Che cosa fa pensare a una interruzione delle importazioni di gas russo
Ci sono tre scenari, tutt’alto che improbabili, che fanno pensare a una interruzione delle importazioni di gas russo. Il primo è che il presidente Vladimir Putin decida di fare con noi quello che ha applicato a Polonia e Bulgaria: o paghiamo in rubli, o le forniture vengono interrotte, punto e basta. Il secondo scenario è che l’esasperazione del conflitto porti a un irrigidimento tout court: l’Europa prosegue con le sanzioni e l’invio di armi, Putin risponde tagliando il gas sic et simpliciter. Il terzo scenario consiste in disordini politici in Russia, con la caduta di Putin e giorni di caos, tali da interrompere anche attività essenziali come le esportazioni di gas.

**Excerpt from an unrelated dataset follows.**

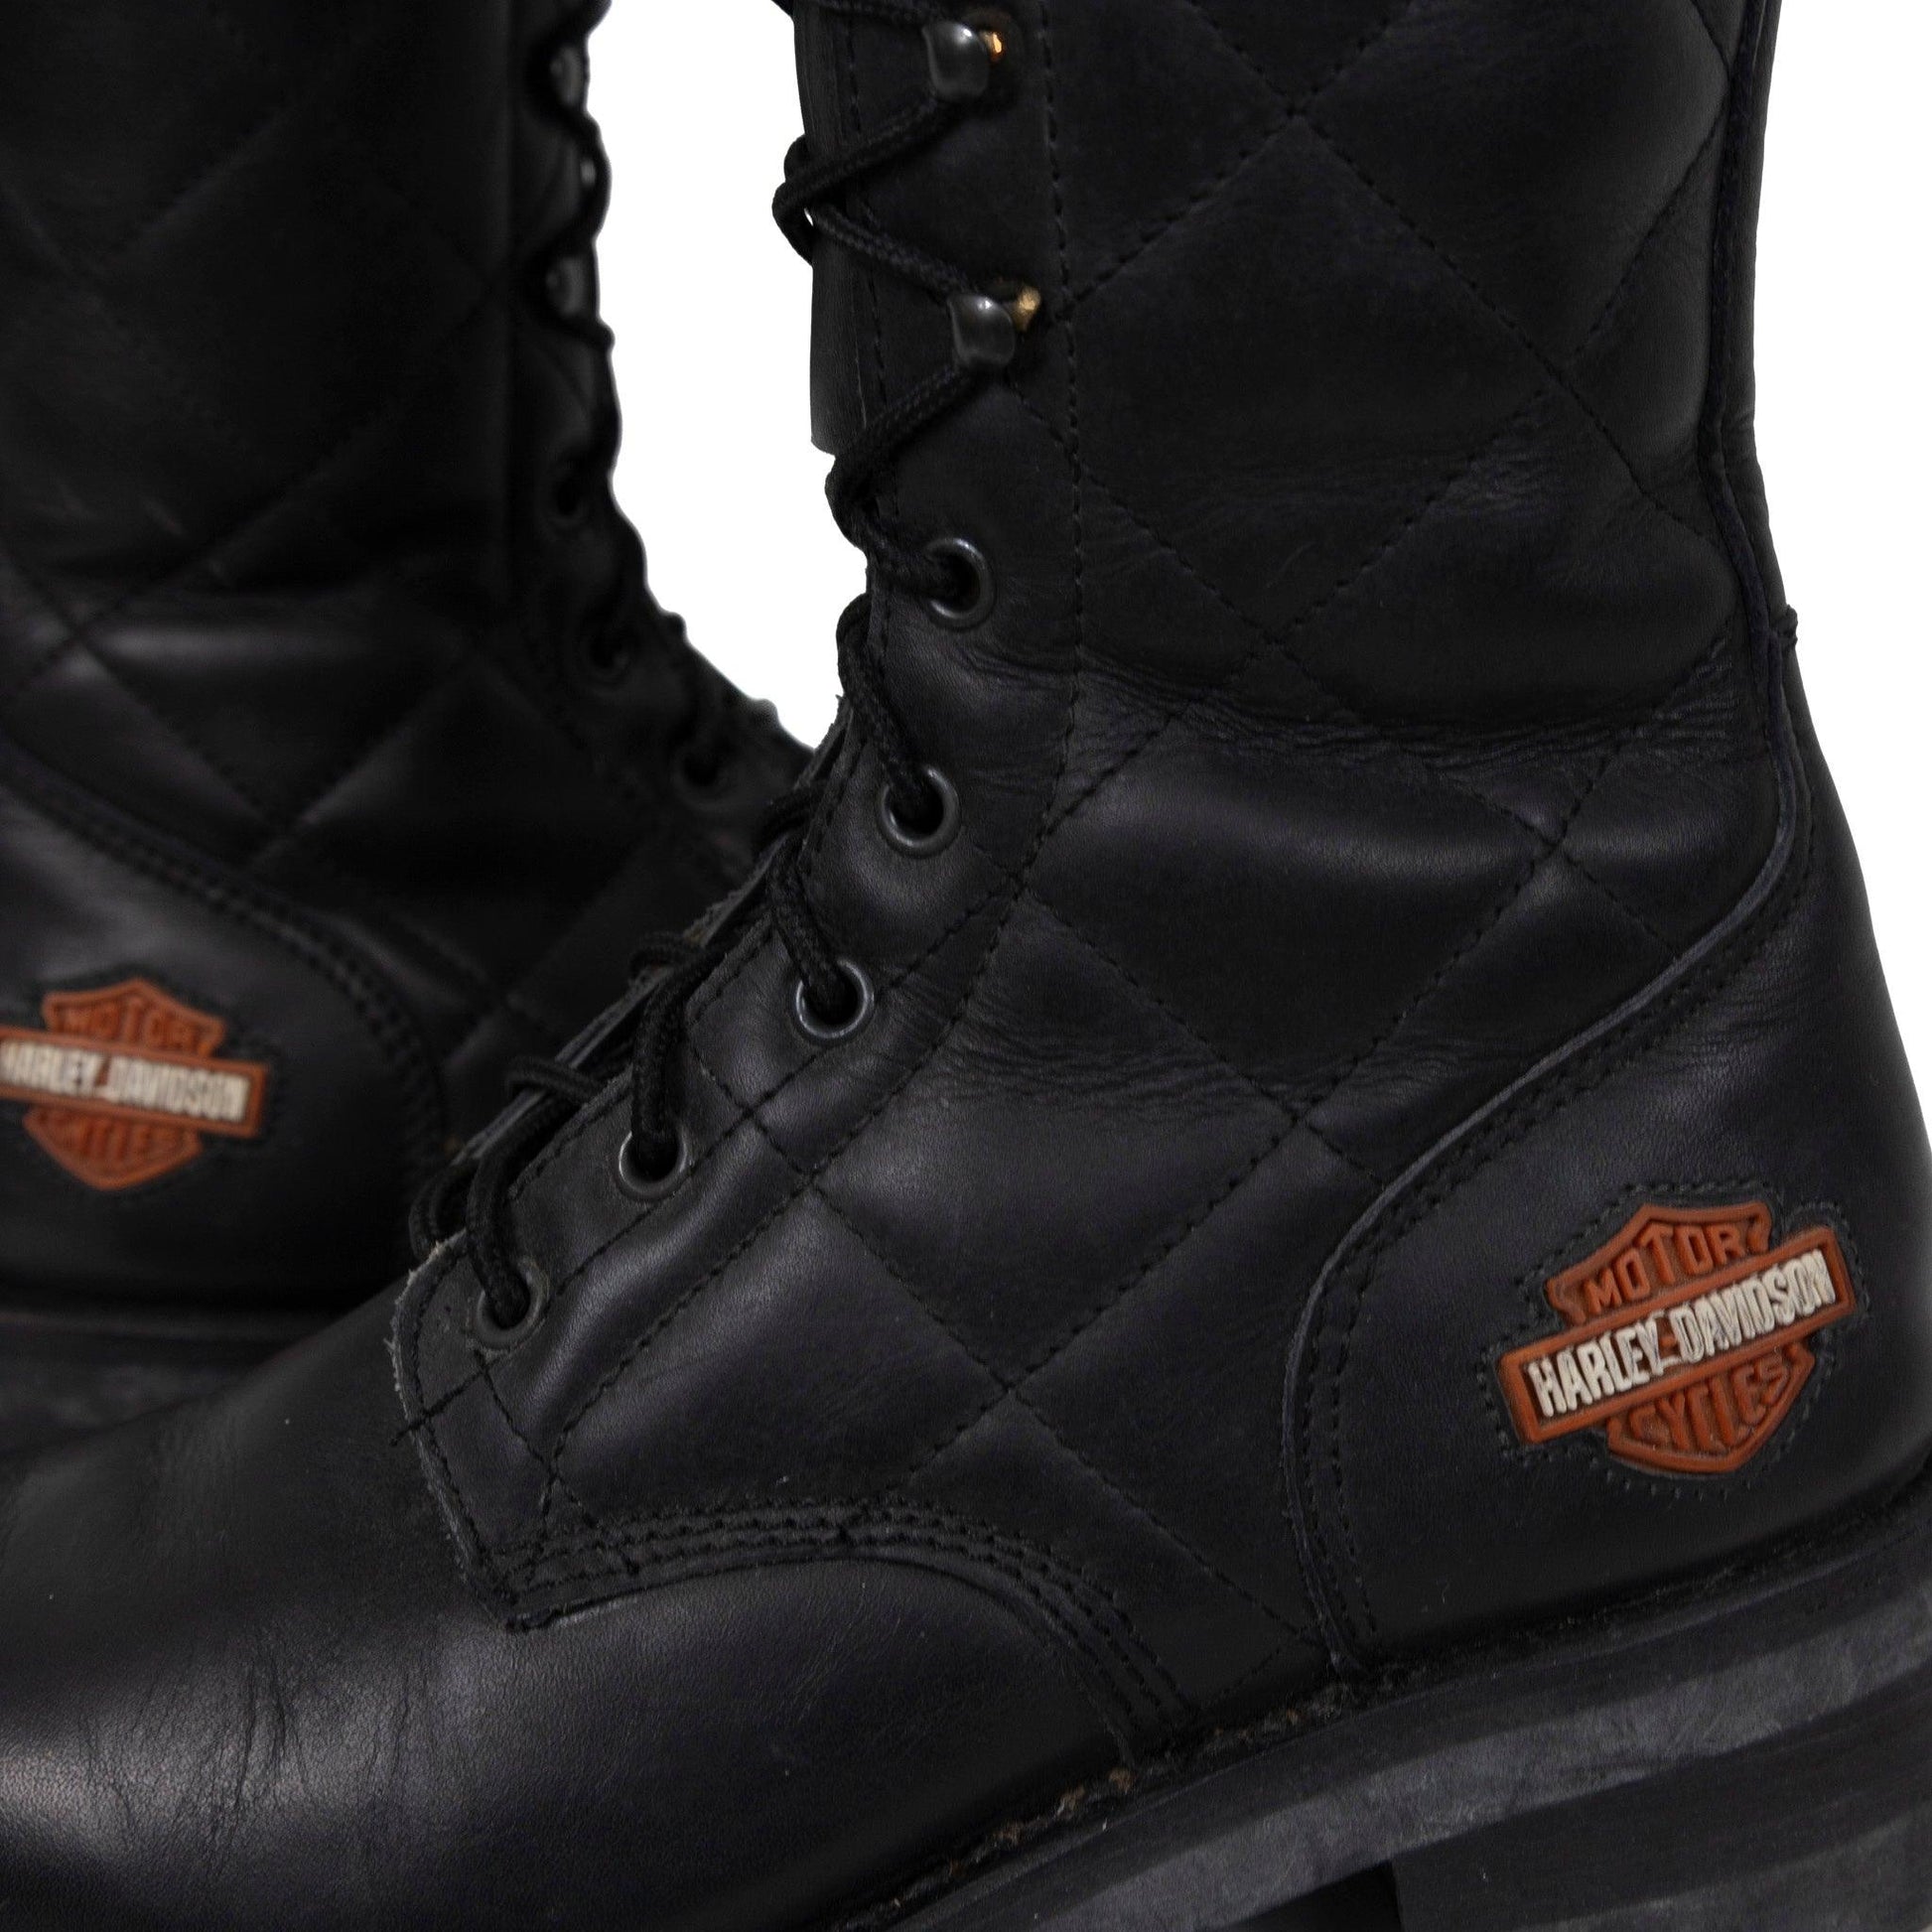 Harley Davidson Racing XR750 Lace Up Biker Boots - Known Source

Del resto, i numeri evidenziano tuttavia una situazione in rapido e profondo cambiamento, con le esportazioni russe di gas verso l’Ue diminuite del 26,9% da gennaio a oggi rispetto allo stesso periodo del 2021. Contemporaneamente, il flusso del gas russo si sta già dirigendo massicciamente verso l’Asia. Recentemente Gazprom ha compiuto un nuovo passo verso il più grande accordo di fornitura con la Cina, verso la quale gli approvvigionamenti sono aumentati a dismisura da gennaio a oggi: +60%, erogato attraverso il gasdotto Power of Siberia. Gazprom ha appena firmato un contratto per progettare il gasdotto Soyuz Vostok che, attraverso la Mongolia, arriverà in Cina. Se a questo dovesse seguire anche un nuovo accordo di fornitura, il gigante asiatico potrebbe vedere arrivare fino a 50 miliardi di metri cubi di gas naturale all’anno. Secondo Bloomberg, l’operazione permetterebbe a Gazprom di potenziare l’interconnessione tra i suoi gasdotti verso Ovest e verso Est. Così la Russia di reindirizzare il gas verso l’Asia dai siti che ora alimentano solo l’Europa.

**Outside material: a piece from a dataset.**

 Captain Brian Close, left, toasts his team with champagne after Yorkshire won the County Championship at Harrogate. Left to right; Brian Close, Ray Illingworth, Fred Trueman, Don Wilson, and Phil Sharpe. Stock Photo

Lo studio della Fondazione Eni Enrico Mattei che dimostra quanta energia verrebbe tagliata alle produzioni industriali in caso di stop delle forniture russe
Nello scenario elaborato da FEEM, le forniture dalla Russia sono azzerate, a partire da marzo 2022 sino alla fine del prossimo inverno. Tali esiti sono comparati ad uno scenario Business As Usual, al fine di valutare la capacità del sistema di fornire l’energia elettrica e mantenere gli standard di adeguatezza e di sicurezza, anche in assenza di gas russo.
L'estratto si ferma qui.